STUDY MATERIAL:
=== Section Start ===

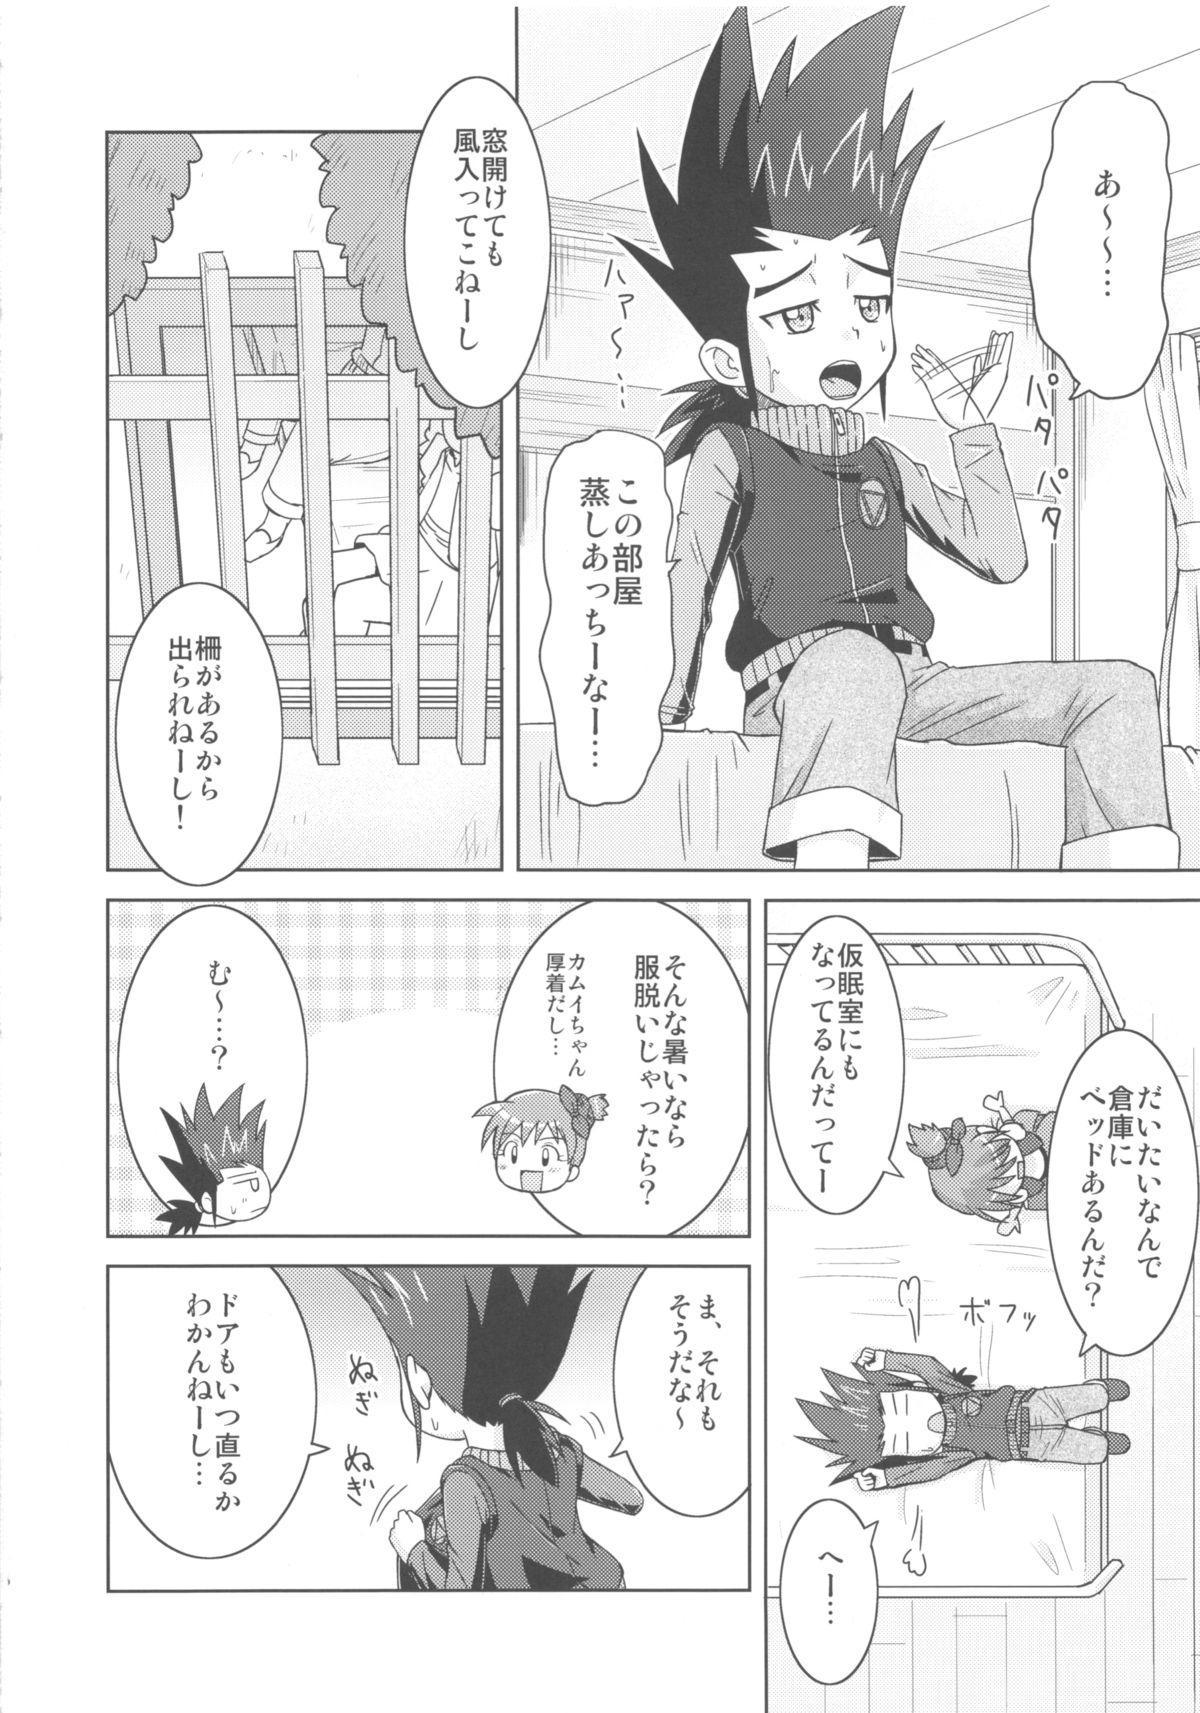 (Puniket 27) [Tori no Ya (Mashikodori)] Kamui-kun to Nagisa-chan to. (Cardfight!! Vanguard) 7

=== Section End ===
=== Section Start ===

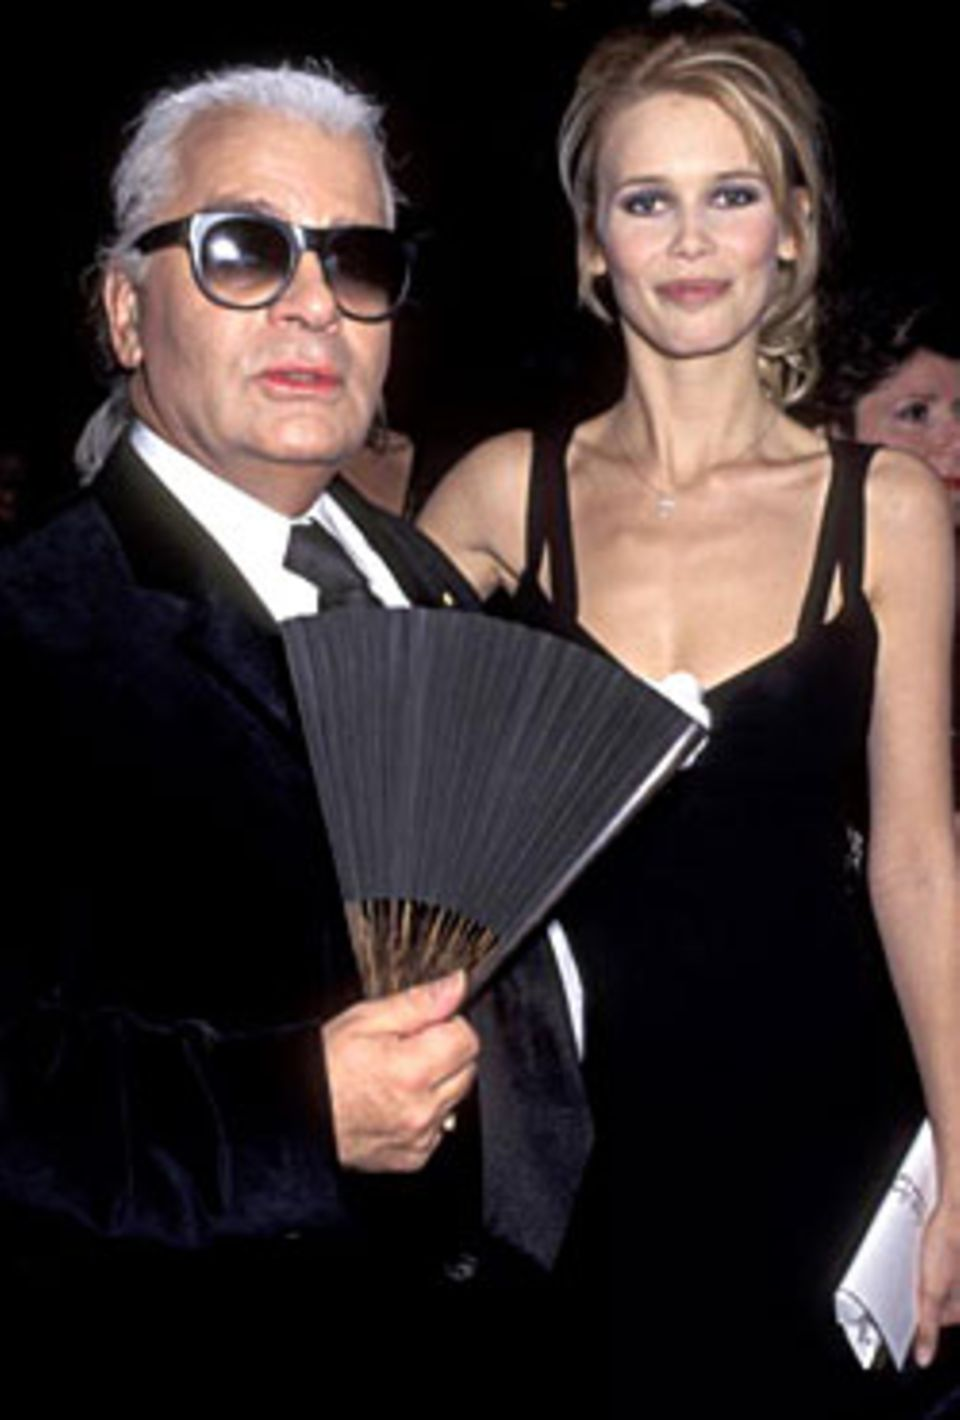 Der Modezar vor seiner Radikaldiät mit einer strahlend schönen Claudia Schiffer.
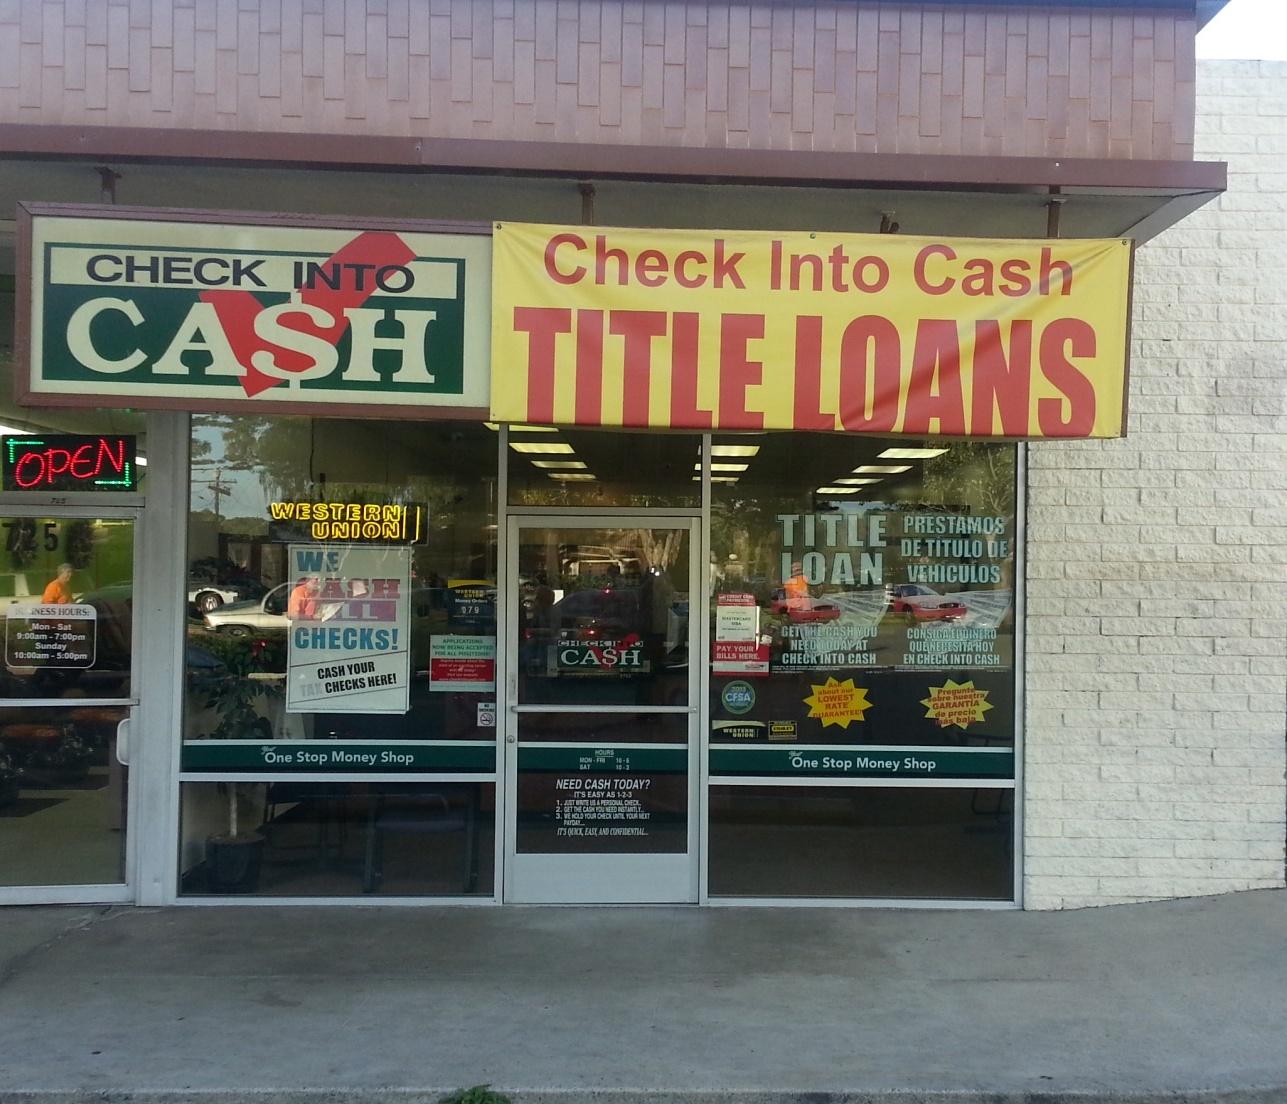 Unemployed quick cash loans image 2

=== Section End ===
=== Section Start ===

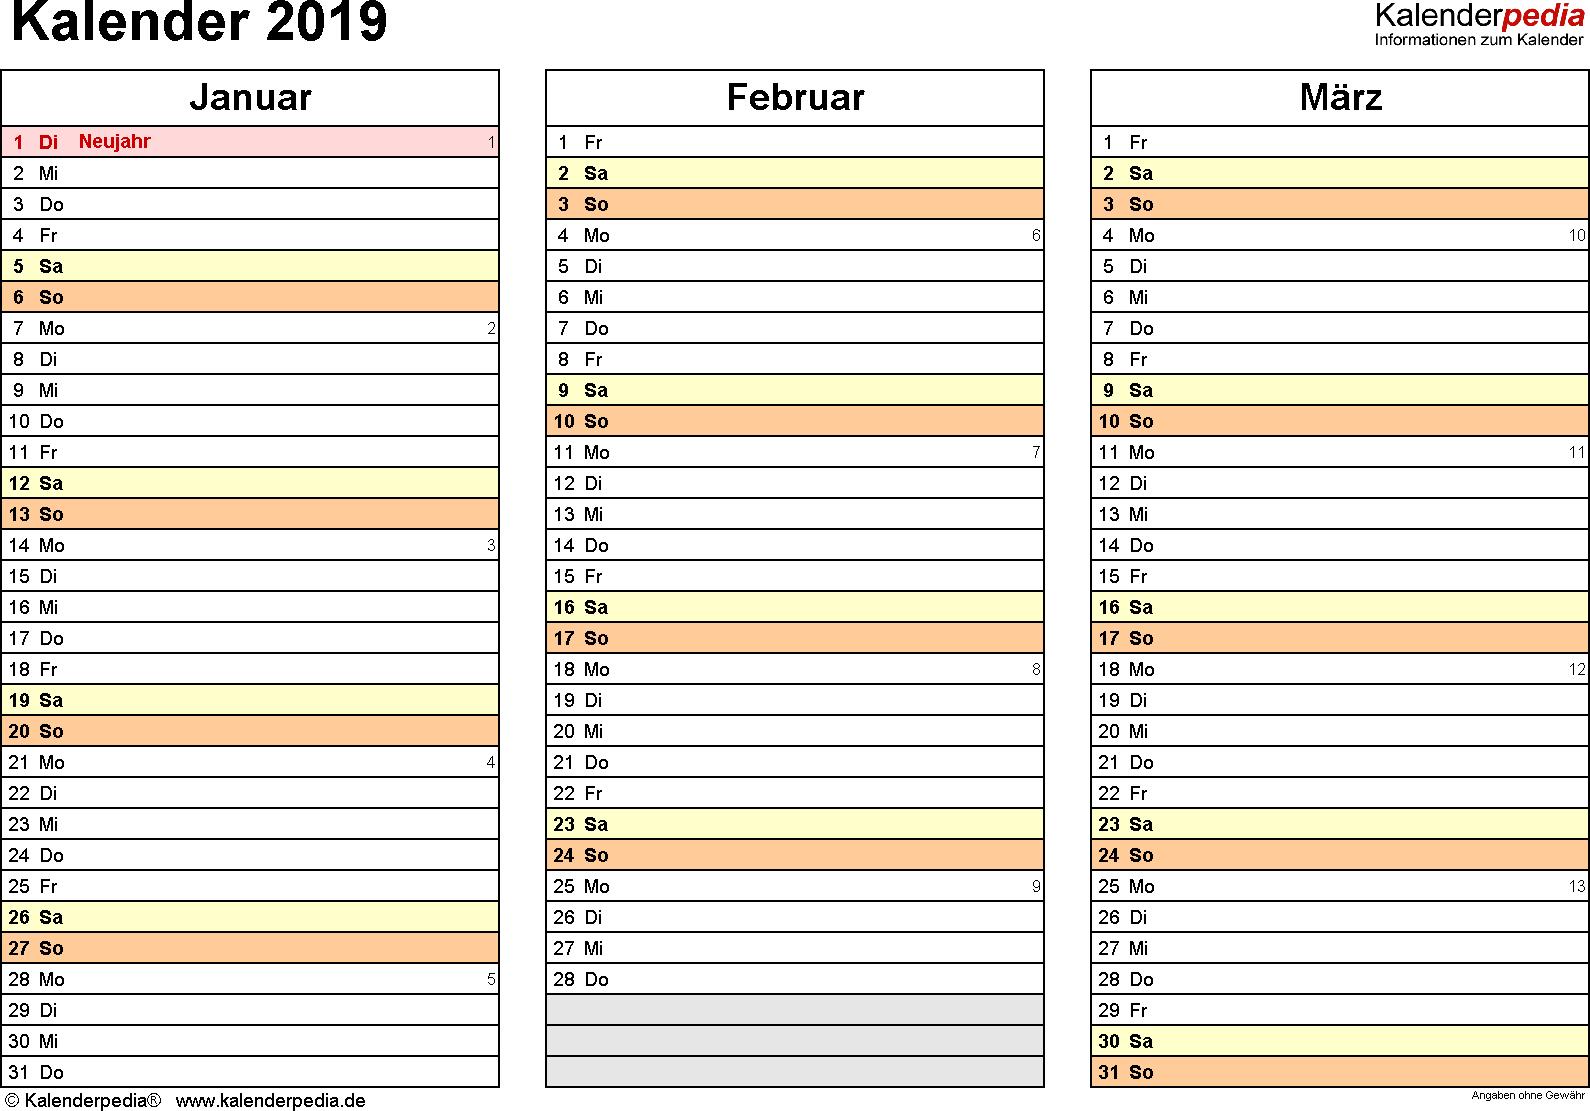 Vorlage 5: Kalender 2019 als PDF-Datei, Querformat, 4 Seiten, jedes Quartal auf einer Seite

=== Section End ===

WHAT TO PRODUCE:
Exercise for the records above: copy only the lines from the one with "Der Modezar vor" to the one with "Unemployed quick cash loans image 2", both ends kept, and drop the pictures.

SOLUTION TO THIS EXERCISE:
 Der Modezar vor seiner Radikaldiät mit einer strahlend schönen Claudia Schiffer.
 Unemployed quick cash loans image 2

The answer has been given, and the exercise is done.